If we keep sqlite-vec similarity search, we should avoid “two embedding spaces” that disagree.
Rule:
- The embeddings indexed in sqlite-vec should be the same embeddings used by the online model for scoring (or a strict subset of the same representation).
- Candidate source identity (transition/context/phase/vector) can still be included as a feature for blending/calibration.
Minimal online model state:
- Token embedding table (or fixed hashed buckets):
token_id -> vec[D]- optimizer accumulators if using Adagrad/RMSProp
- Optional bias tables:
- command bias
- head bias
If we want multi-host sharing via libsql/Turso, storing this model state in the DB makes it syncable.

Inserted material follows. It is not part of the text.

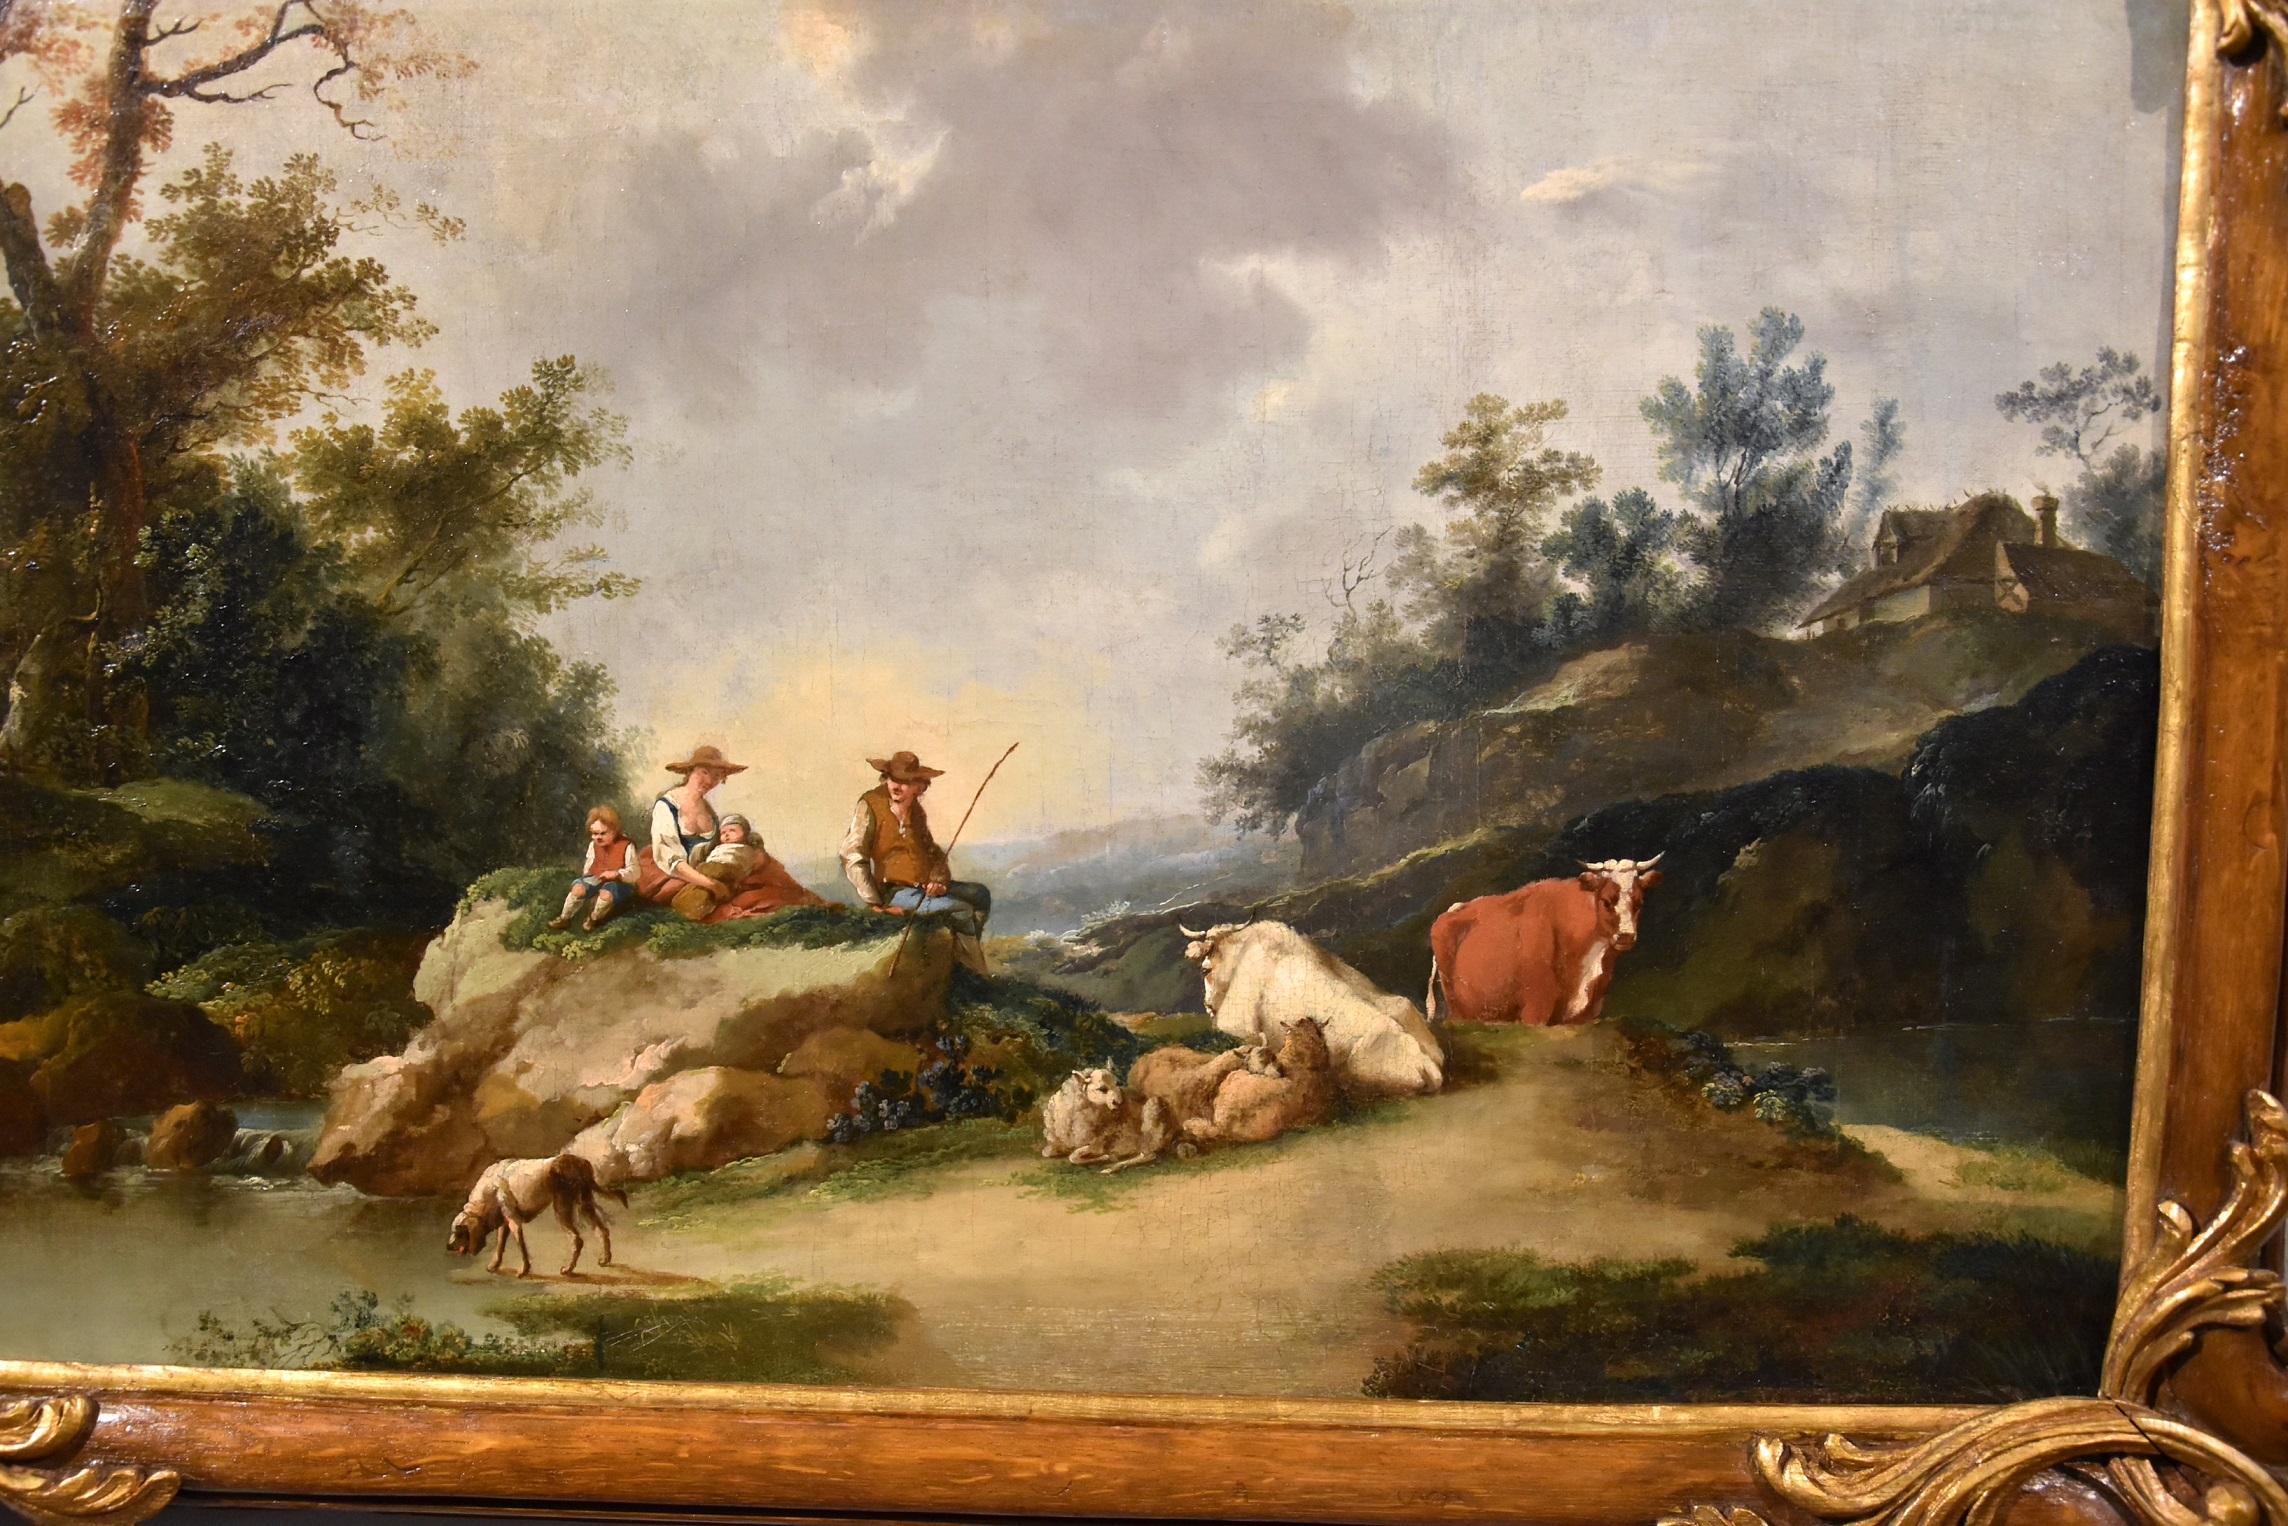 Landscape Zuccarelli Paint Oil on canvas Old master 18th Century Italian View For Sale 6

If we want maximum write performance, buffer updates and flush periodically.
Update the model on:
- every
record(single-step update), or - micro-batches (flush every N records), or
- a background worker in the daemon
This should be fast enough on CPU if D is small (e.g., 64–128) and K is modest (8–32).
Given a fixed history, prefer rolling-window evaluation (prequential), because user behavior is non-stationary:
- Evaluate on successive windows (train on [0..t], evaluate on (t..t+Δ], slide forward).
- Report ranking metrics:
- top-1 / top-5 next-command accuracy
- MRR@K
- Recall@K
- Coverage@K
- Context leakage rate
- the same metrics within workspace_root, to ensure context-bound behavior is real
Track:
- acceptance rate (did the user execute a suggested command soon after?)
- time-to-next-command reduction (optional)
- “context leakage” events (suggestions from unrelated workspace/cwd)
- Sequence effects: context vector includes last-N; negative sampling can include “same head” to make sequences discriminative.
- Soft semantic similarity: generalized tokens + learned token embeddings make reorder/different filenames map close.
- Higher-order interactions: context tokens (workspace_root/cwd/exit) are first-class; the model can learn their interactions because they participate in the same embedding space.
The key property is that the model updates immediately from new data and continuously adapts to your workflows.